DESCRIPTION OF THE TASK: Repeat the data that follows, word for word, without the images.

INFORMATION SUPPLIED:
══════════

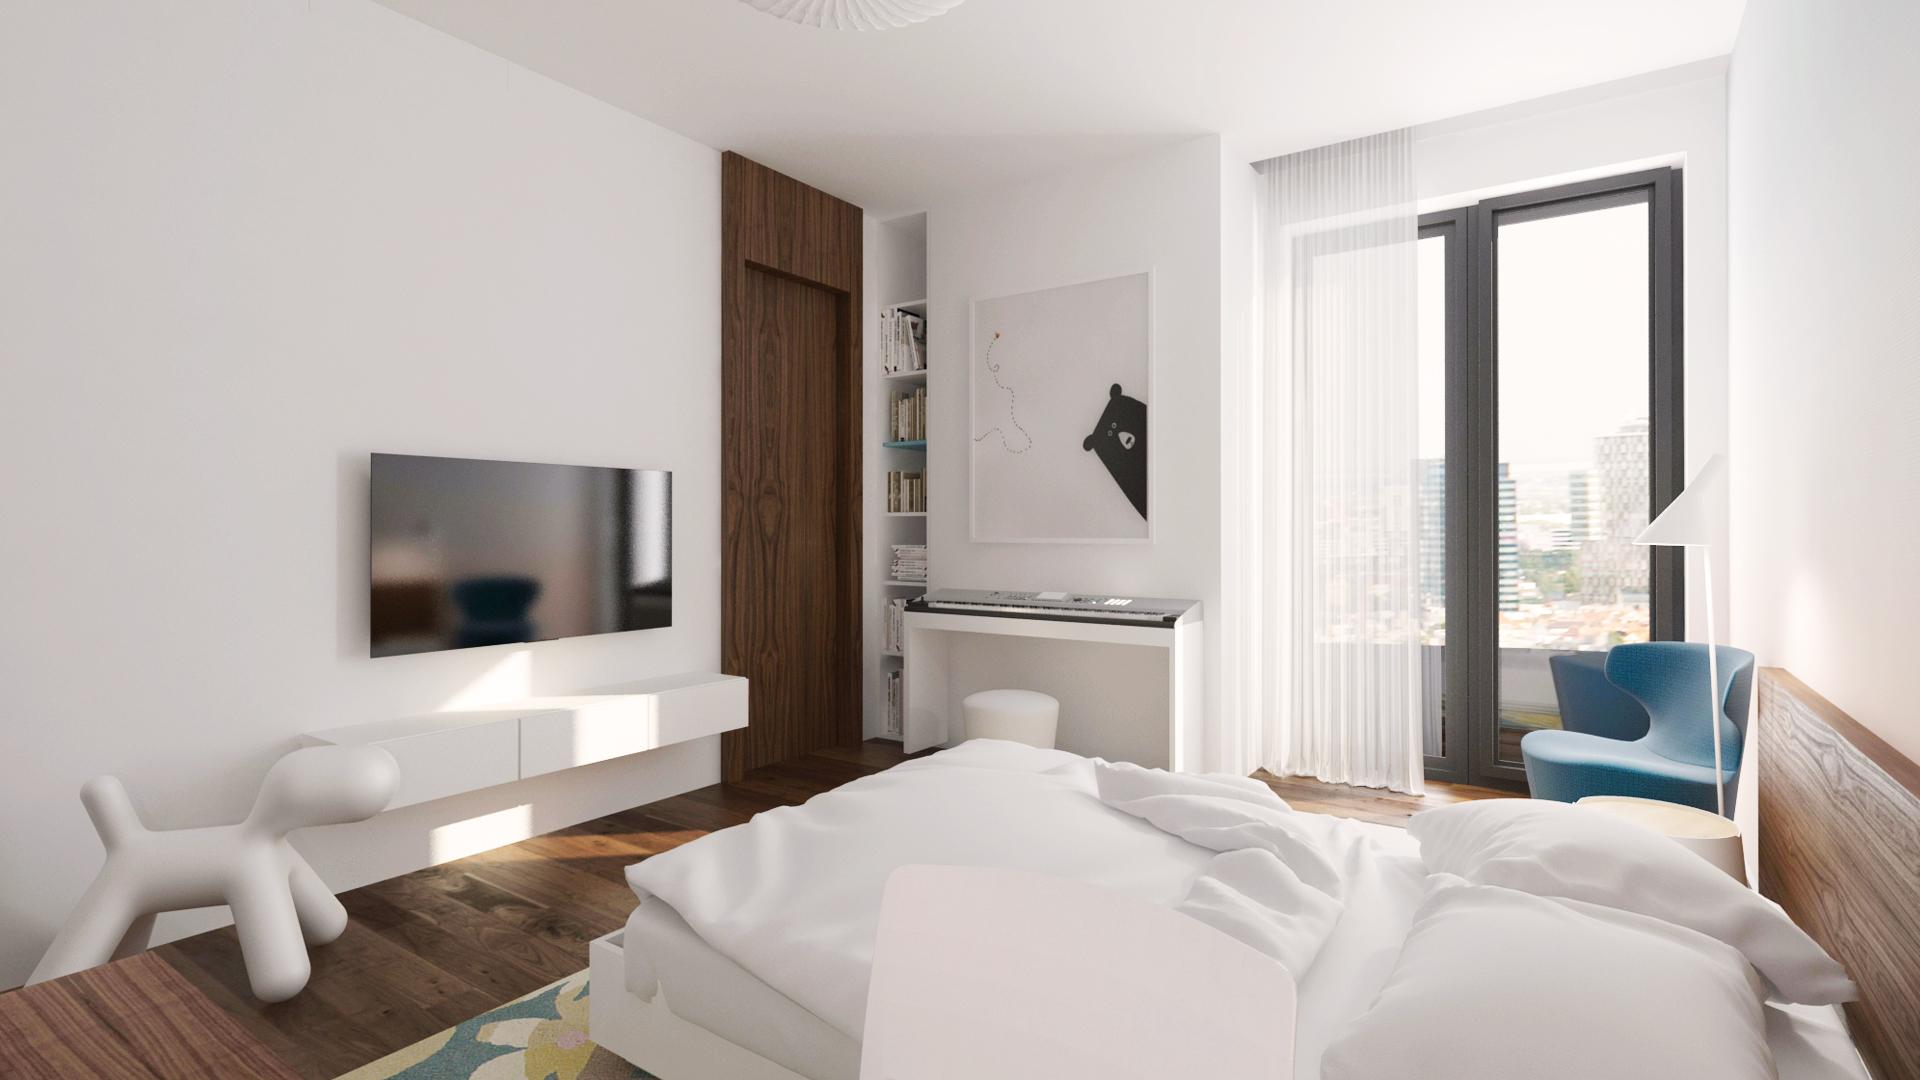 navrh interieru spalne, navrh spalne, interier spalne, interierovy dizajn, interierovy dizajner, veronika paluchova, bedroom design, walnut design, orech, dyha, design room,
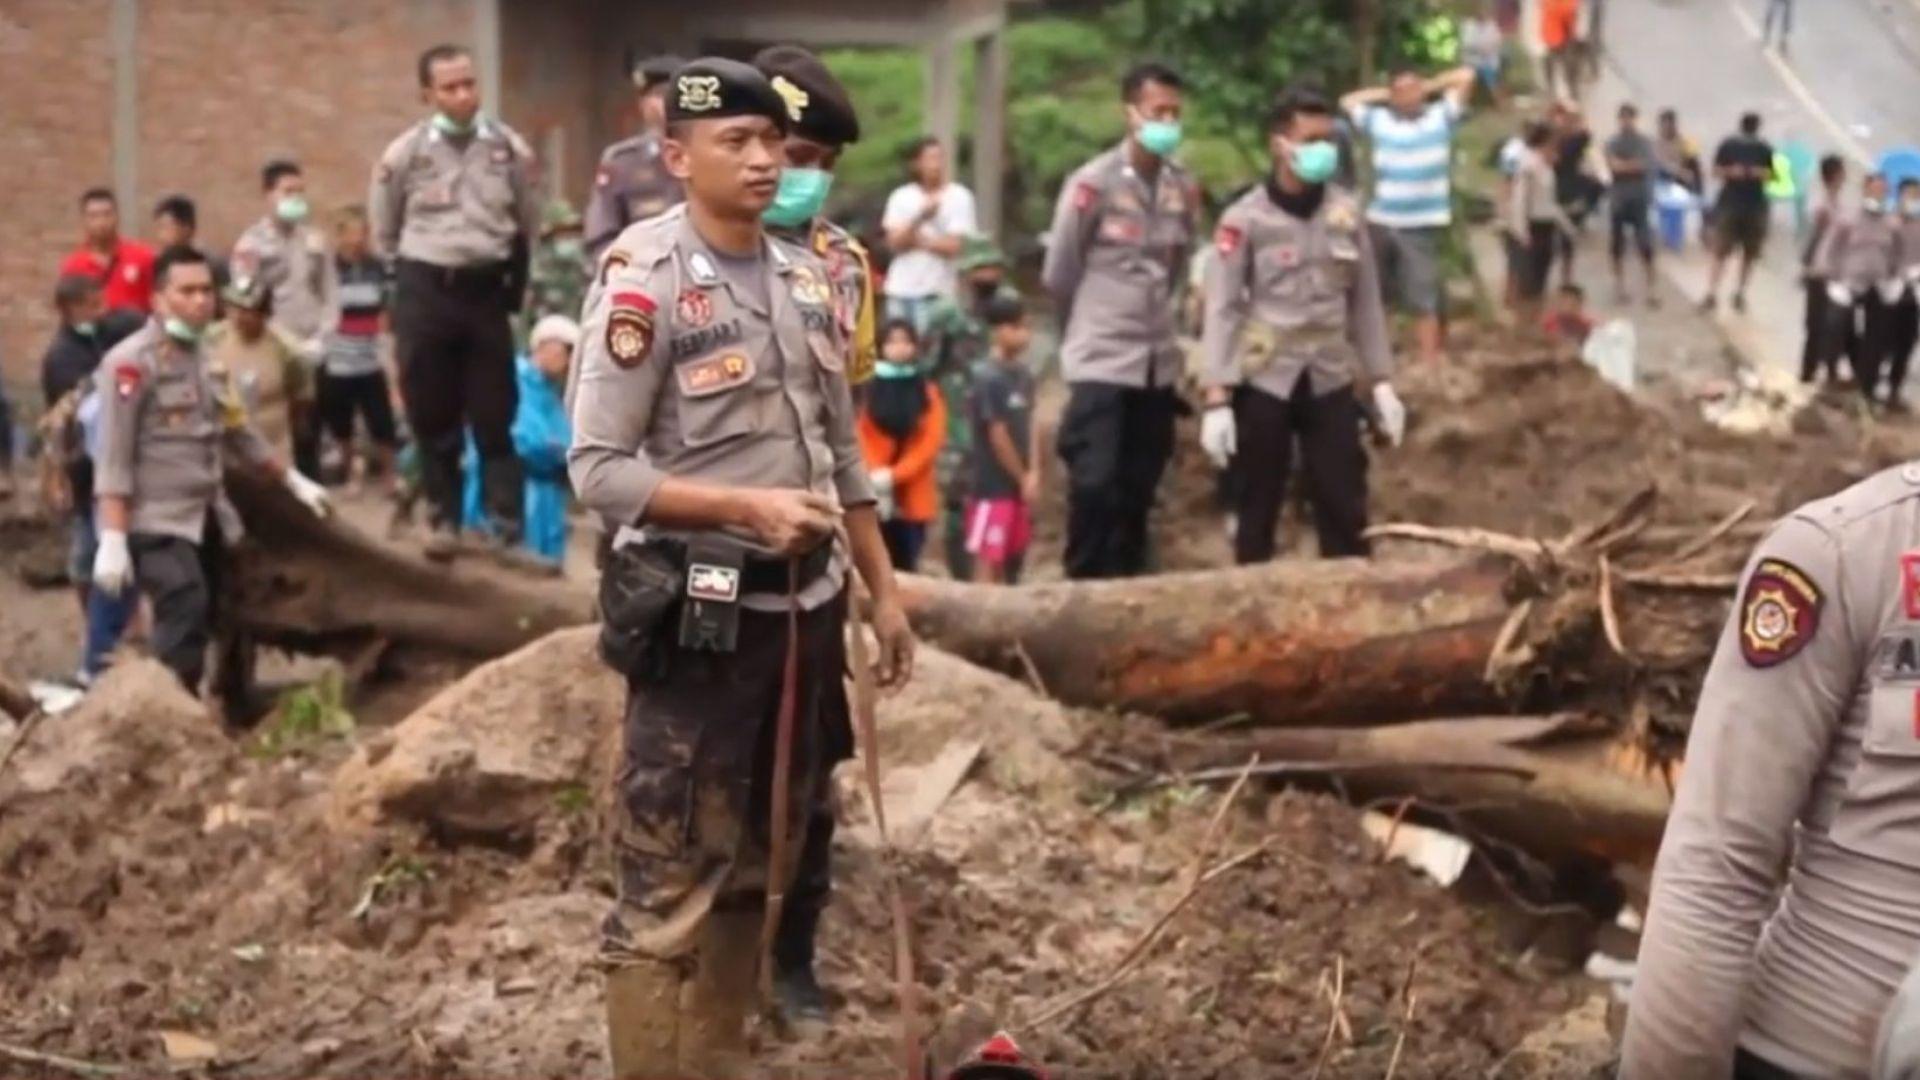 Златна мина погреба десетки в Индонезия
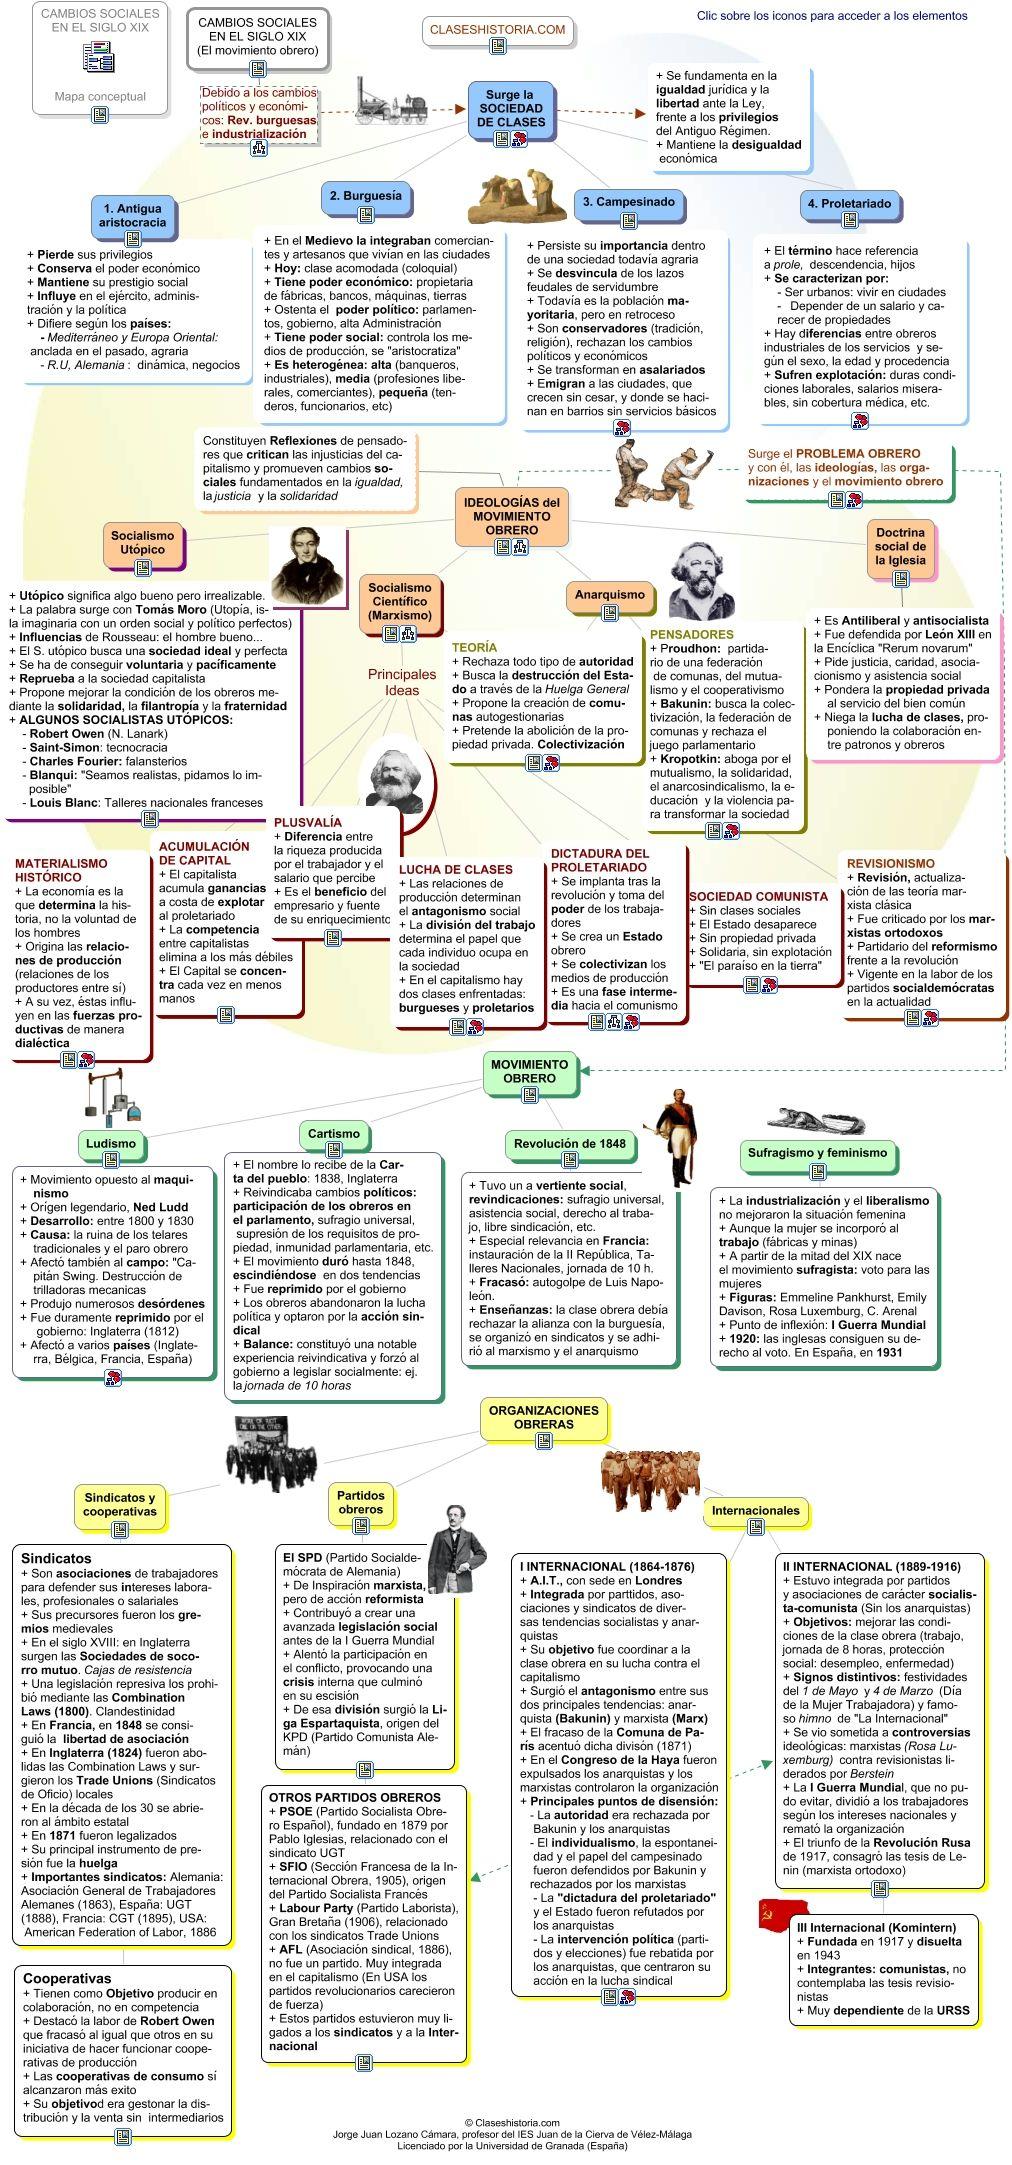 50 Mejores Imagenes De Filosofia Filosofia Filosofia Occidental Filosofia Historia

══════════

SOLUTION FOR THIS PROBLEM:
 navrh interieru spalne, navrh spalne, interier spalne, interierovy dizajn, interierovy dizajner, veronika paluchova, bedroom design, walnut design, orech, dyha, design room,
 Златна мина погреба десетки в Индонезия
 50 Mejores Imagenes De Filosofia Filosofia Filosofia Occidental Filosofia Historia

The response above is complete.